According to statistics from the United Nations Environment Programme, 1 million plastic bottles are purchased every minute worldwide, and up to 5 trillion single-use plastic bags are used every year. These bottles and bags are part of the more than 330 million tons of plastic waste that are generated globally each year.
When not recycled by consumers, these end-of-life plastics can be sent to landfills or discarded as litter, potentially making their way into the world’s oceans, where they could be consumed by wildlife or collect in floating islands such as the Great Pacific Garbage Patch.
Single-use packages, such as water and soda bottles, use roughly half of the plastic produced each year. Polyethylene terephthalate (PET) is a popular choice for these applications because it is strong but also lightweight, resistant to water and shatterproof. PET is more easily recycled using mechanical techniques than some other plastics because most municipalities have programs in place to collect it. Also, it is resistant to water and food residues and to detergents used in the washing process. However, recycled PET (rPET) has less value than virgin PET. This is because it can lose some of its desirable properties during the recycling process. This loss of value is described as downcycling.
Although technology for recycling PET has advanced and rPET is being used to make food-contact packaging, downcycling still limits the types of products rPET can be used in. Some uses for rPET include more single-use bottles, containers and packaging, as well as carpet and fiber. Additionally, PET can only be recycled once or twice before the material is no longer usable and is sent to the waste stream.
Upcycling, on the other hand, can turn materials such as single-use PET packaging into a product of higher quality than the original. Upcycling technology can transform a plastic with limited applications and a brief useful life into a different, more-durable resin with expanded potential uses and an extended life cycle. In this way, upcycling can help strengthen the circular economy and can help reduce the impact of single-use plastic products on the environment.

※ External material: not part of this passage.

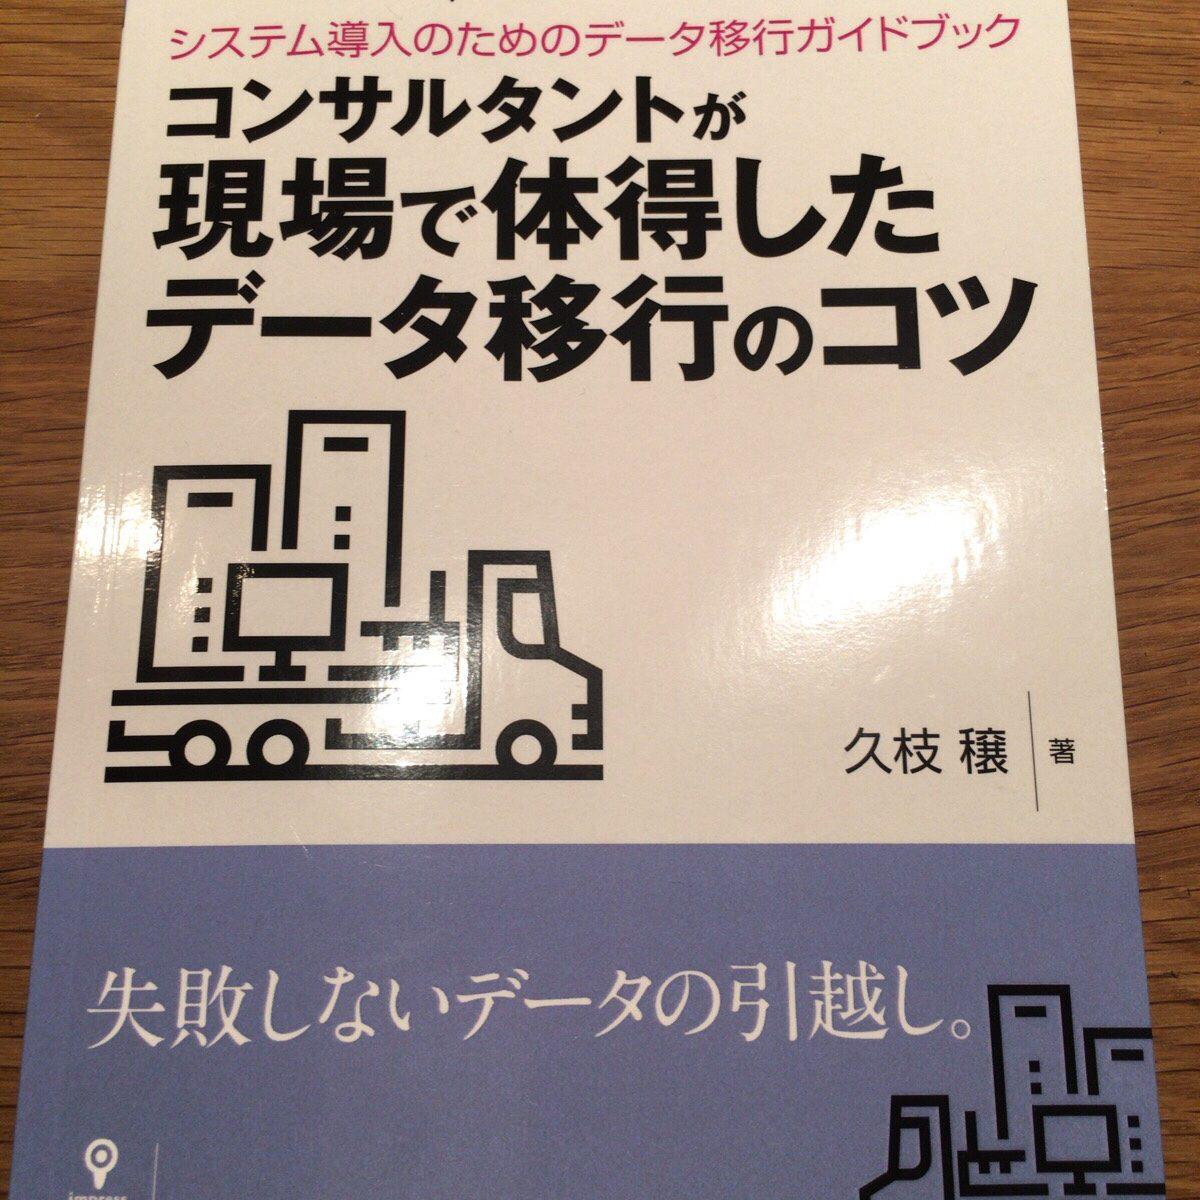 紙版の外観「システム導入のためのデータ移行ガイドブック」

Upcycling to drive market demand
In 2017, only about 29 percent of PET bottles were collected for recycling in the United States, according to a report from the National Association for PET Container Resources, based in Charlotte, North Carolina, and the Association of Plastic Recyclers, Washington, titled “Report on Postconsumer PET Container Recycling Activity in 2017.” That same year, the average PET bottle recovery rate in Europe was 58 percent, according to the “2017 Survey on European PET Recycle Industry” produced by Petcore Europe, Brussels.
Lower virgin resin pricing is inhibiting rPET use. However, increasing consumer demand for sustainable packaging is encouraging the trend toward using rPET.

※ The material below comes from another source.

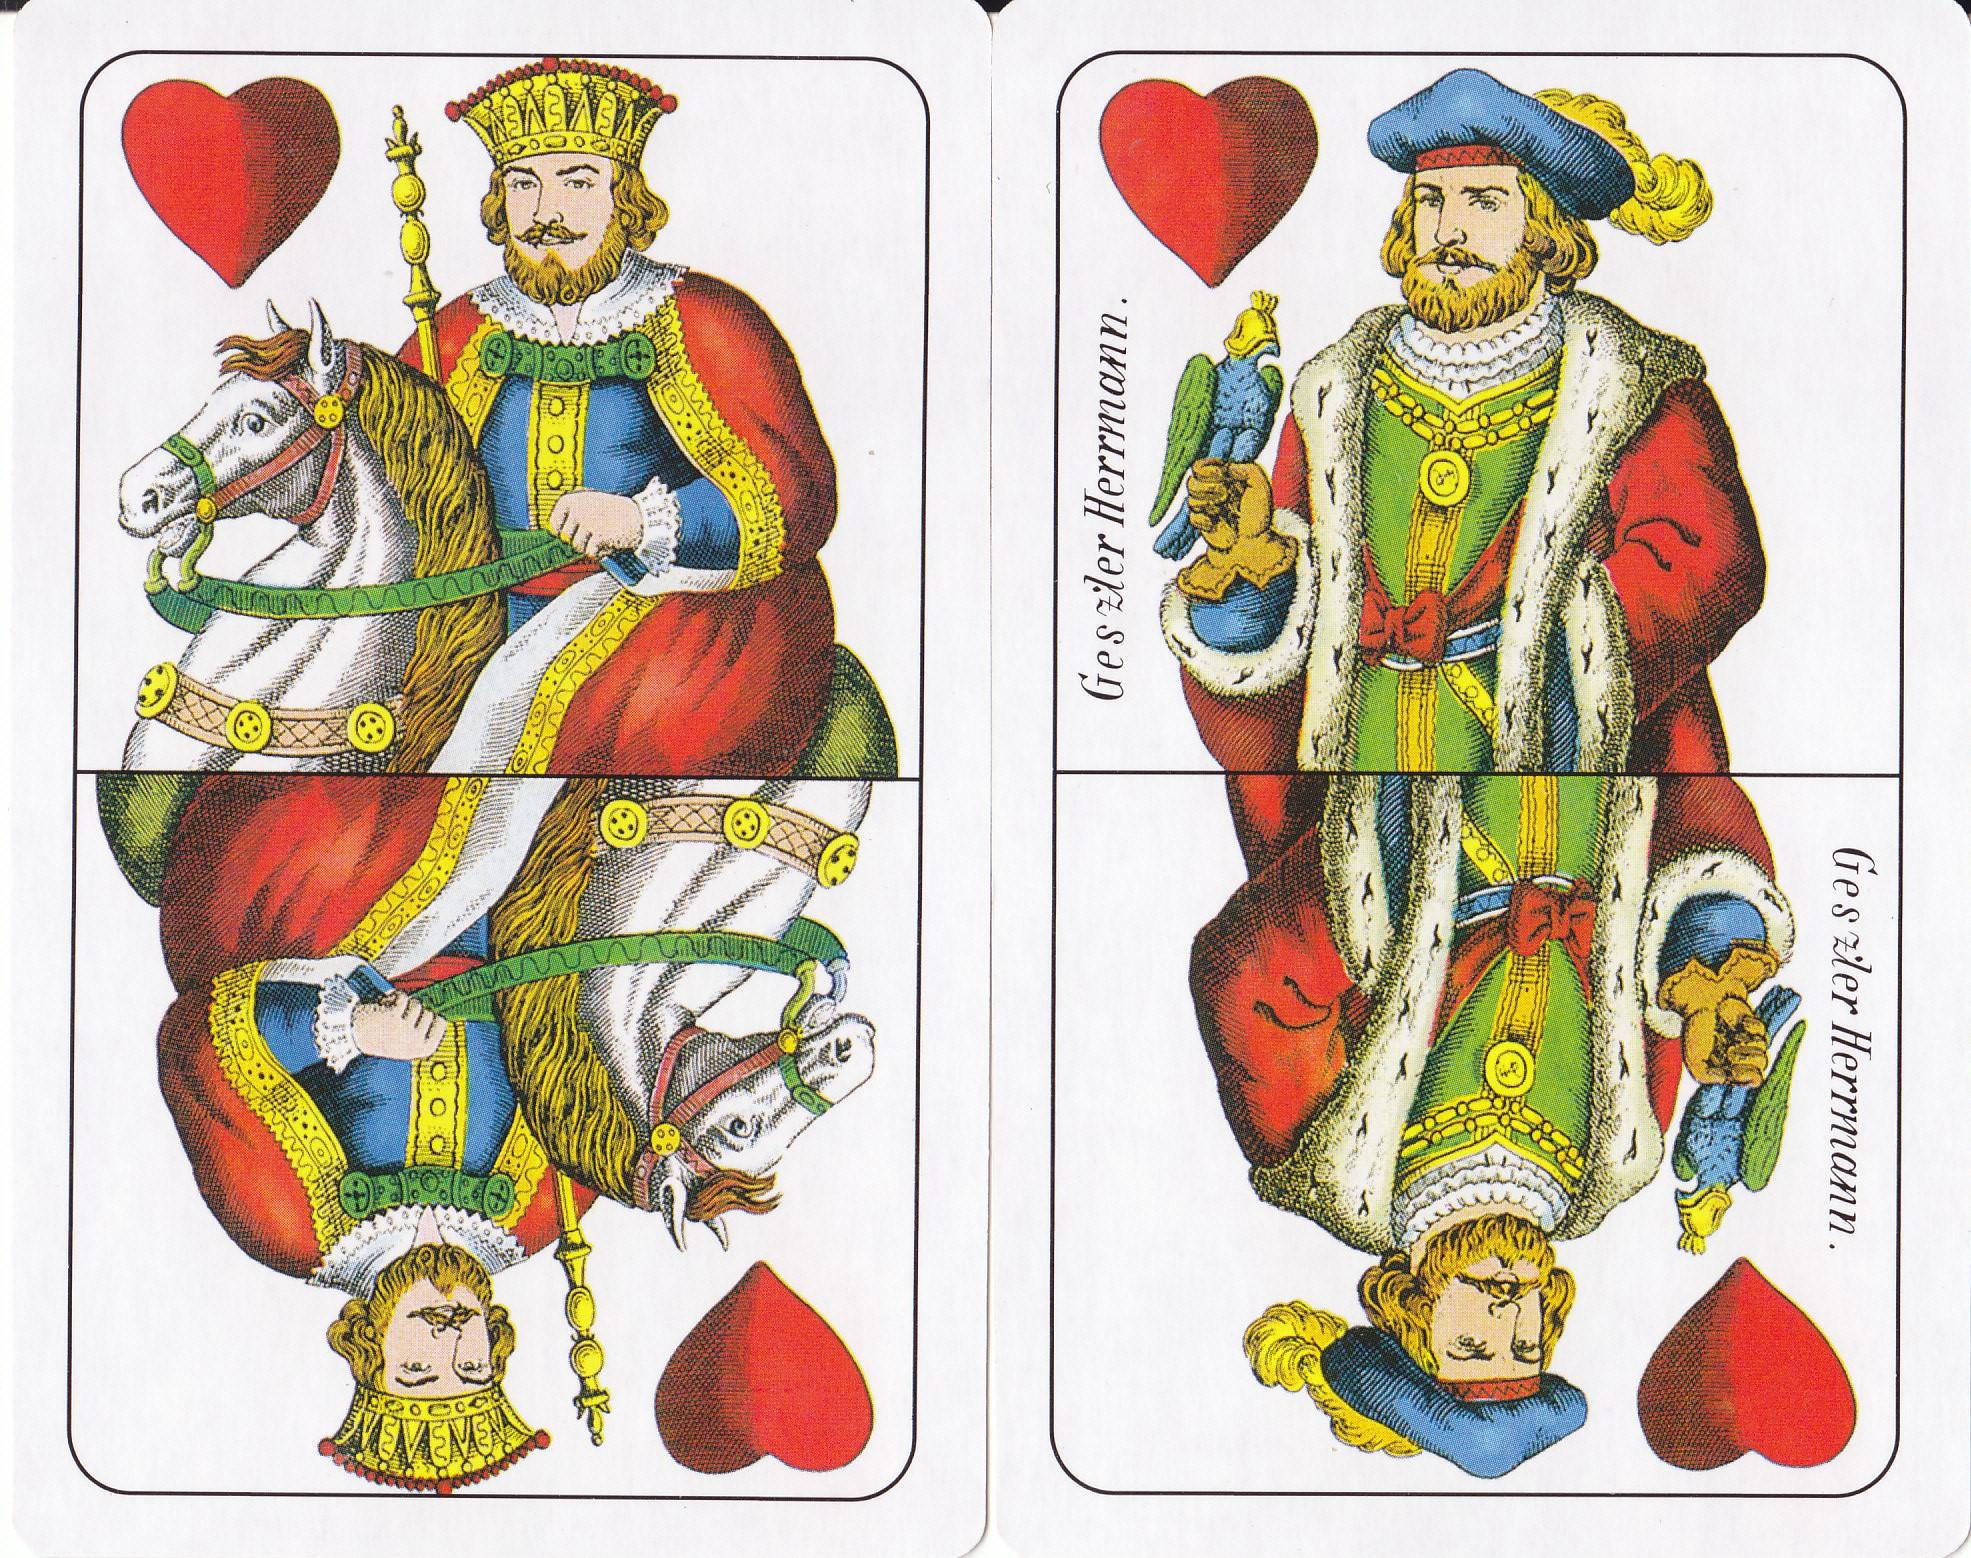 Piros király, felső

Innovative upcycling technology can transform a plastic with limited applications and a brief useful life into a different, more-durable resin with expanded potential uses and an extended life cycle.
One way to drive greater demand for rPET is by increasing its value, which can provide an economic incentive to divert it from the waste stream. The industry is exploring upcycling to boost the desirability of rPET and to develop new ways to use postconsumer material to create more sustainable plastics.

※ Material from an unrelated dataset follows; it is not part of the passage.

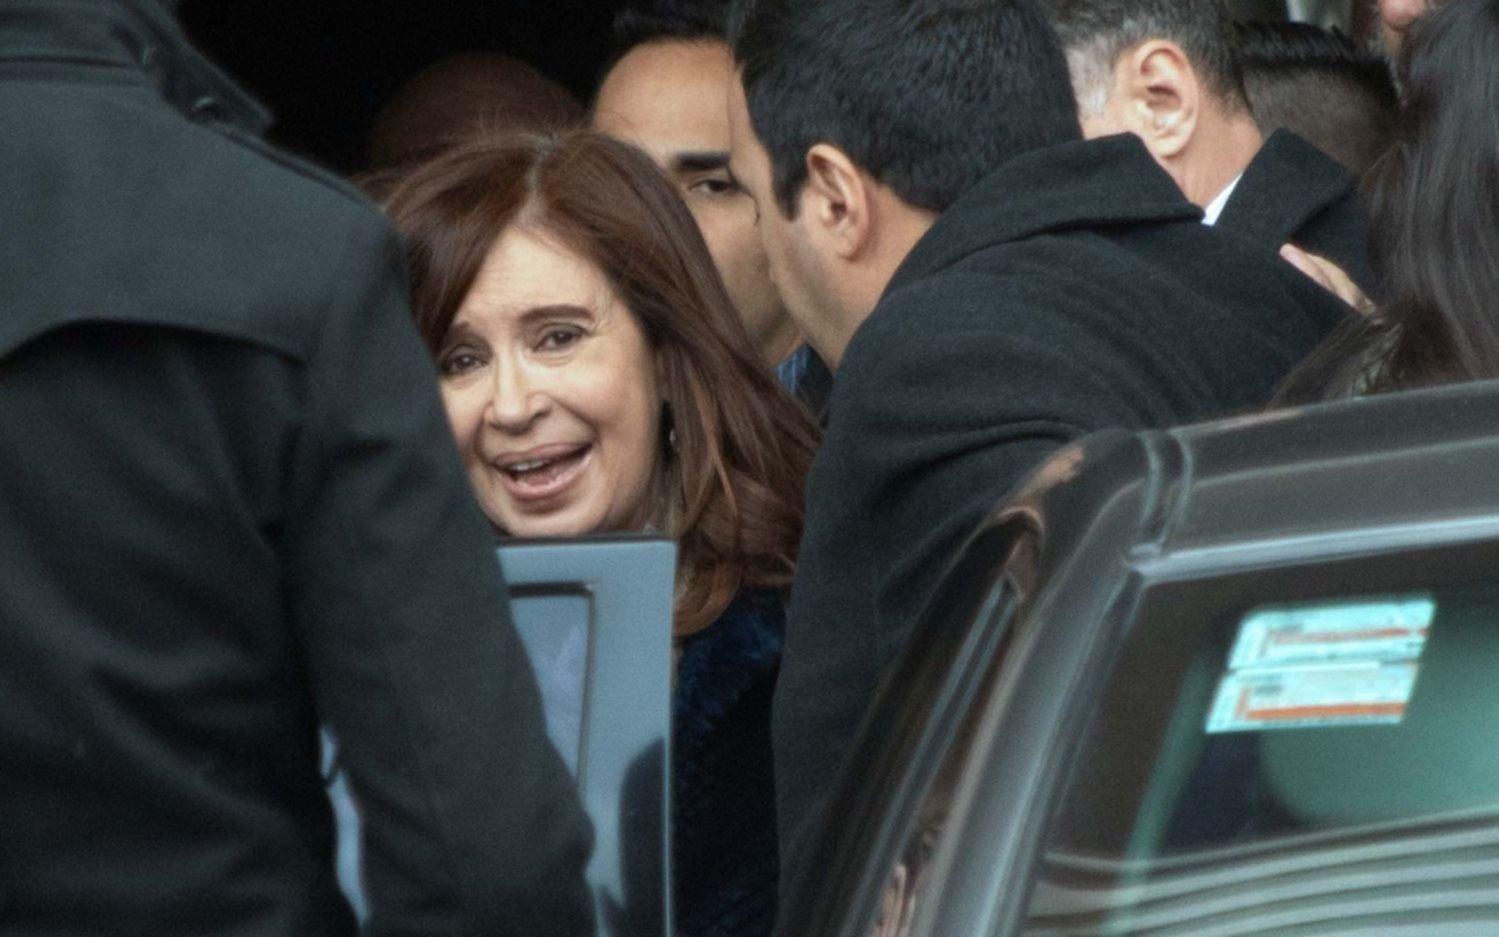 Citaron a Cristina Kirchner a declaración indagatoria por el pago de coimas millonarias

One experimental process for upcycling PET involves incorporating plant biomass to add fiber and create composite materials. Scientists at the U.S. Department of Energy’s National Renewable Energy Laboratory, which has offices in Golden, Colorado, and Washington, combined reclaimed PET and sustainably sourced, bio-based molecules to produce two types of fiber-reinforced plastics that potentially could be used for applications that include wind turbine blades and surfboards.
However, this research effort could be a long way from commercialization. Practical upcycling solutions are needed today to help increase the economic value of rPET and to create strong demand that can help stem the tide of consumer-discarded plastic. Major resin suppliers with extensive R&D capabilities can play a leading role here.
Leveraging its materials expertise, SABIC, headquartered in Riyadh, Saudi Arabia, has taken the initiative by commercializing a new portfolio of upcycled polybutylene terephthalate (PBT) compounds and blended materials derived from rPET, primarily postconsumer water bottles. SABIC’s LNP Elcrin iQ technology addresses some of the limitations of mechanical recycling by using chemical processes to depolymerize PET bottles into their precursor chemicals, purify them and use them to create PBT resin. Each kilogram of this PBT resin uses 67 postconsumer half-liter PET water bottles.
By displacing the virgin raw materials used to manufacture PBT, LNP Elcrin iQ resin has been shown through peer-reviewed life-cycle assessment to reduce the energy and carbon footprints of the material by up to 57 percent and 49 percent, respectively.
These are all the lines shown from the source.